AOA have proven difficult to isolate in culture, as evidenced by the fact that only one pure culture [21] has been documented despite reports of several enrichment cultures [12], [22]–[25]. Many questions remain about the physiology, metabolic and biogeochemical functions, evolutionary history, and ecological niche partitioning of AOA. Genome sequencing is a powerful tool that can be used to address these outstanding questions, yet traditional sequencing approaches require pure cultures or enrichment to near homogeneity. Genome sequencing of individual cells presents a new approach for exploring the genetic makeup of microorganisms present in heterogeneous mixtures (such as the enrichment culture that was the basis for this study) without the need for cell viability or growth. Single-cell genomics can be used independently on uncultured microbes [26]–[27] or as a complement to metagenomic studies on enrichment cultures and environmental samples by aiding in sequence binning and genome reconstruction [28].
Here, we used a combination of single-cell genomic and metagenomic approaches to sequence the genome of a novel, low salinity-type AOA. The single-cell approach is useful for obtaining organism-specific sequence datasets from heterogeneous samples, and furthermore provides an insight into micro-heterogeneity at the population level. The genomic data reveal sequence features not observed in other AOA, as well as similarities to published AOA genomes, which speak to the metabolic potential and environmental relevance of these organisms.
Results and Discussion
Enrichment of ammonia-oxidizing archaea from low-salinity sediments
An ammonia-oxidizing enrichment culture initiated from sediments in the low-salinity region of San Francisco Bay was dominated by AOA; CARD-FISH showed that Archaea (Arch915 probe) accounted for approximately 84% of cells in the enrichment and the remaining 16% were Bacteria (Eub338 I–III probes). The AOA grew chemoautotrophically by aerobic ammonia oxidation to nitrite. Archaeal amoA and 16S rRNA gene sequences from the AOA enrichment culture were phylogenetically distinct (bootstrap supported) from N. martimus [Figure 1], and were instead most closely related to environmental clones derived from freshwater ecosystems.
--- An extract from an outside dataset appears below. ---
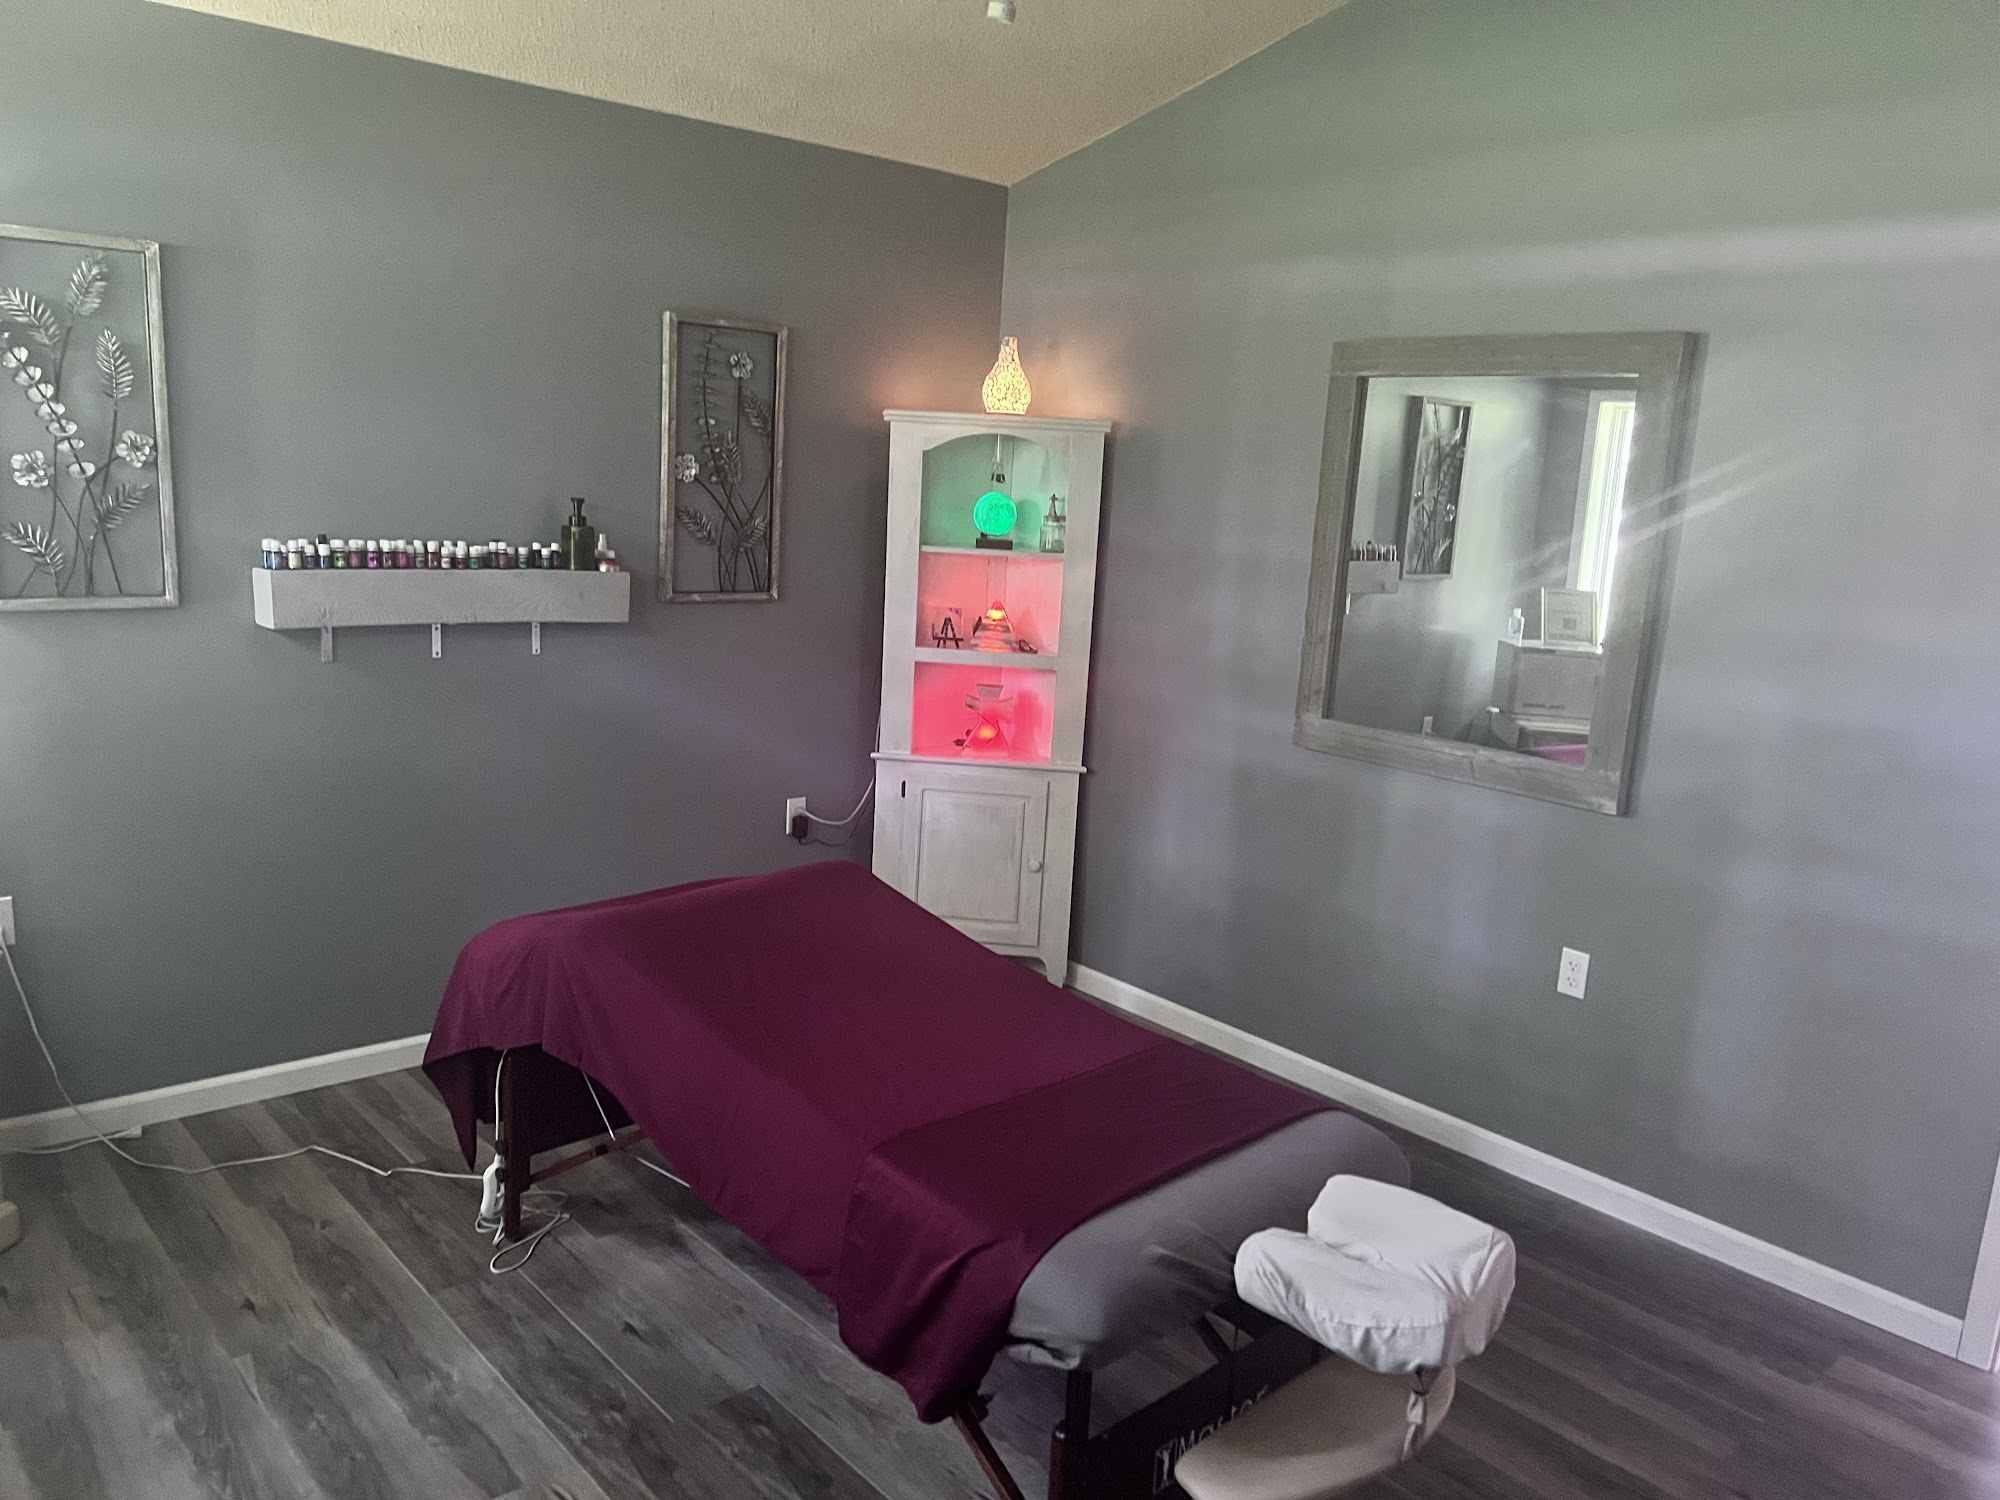 A+ Therapeutic Massage LLC

In total, over 500 GenBank amoA sequences fell within this phylogenetic cluster, 79% of which were from low salinity habitats. Another 7% of the sequences were from habitats that experience low salinity at some point in the year (e.g., San Pablo Bay sites in San Francisco Bay), and 4% of the sequences were from soil. Most of the remaining sequences were from salt marsh sediments [29], suggesting that this AOA phylotype may tolerate elevated salinity. Nevertheless, the vast majority of amoA sequences within this clade were from freshwater habitats.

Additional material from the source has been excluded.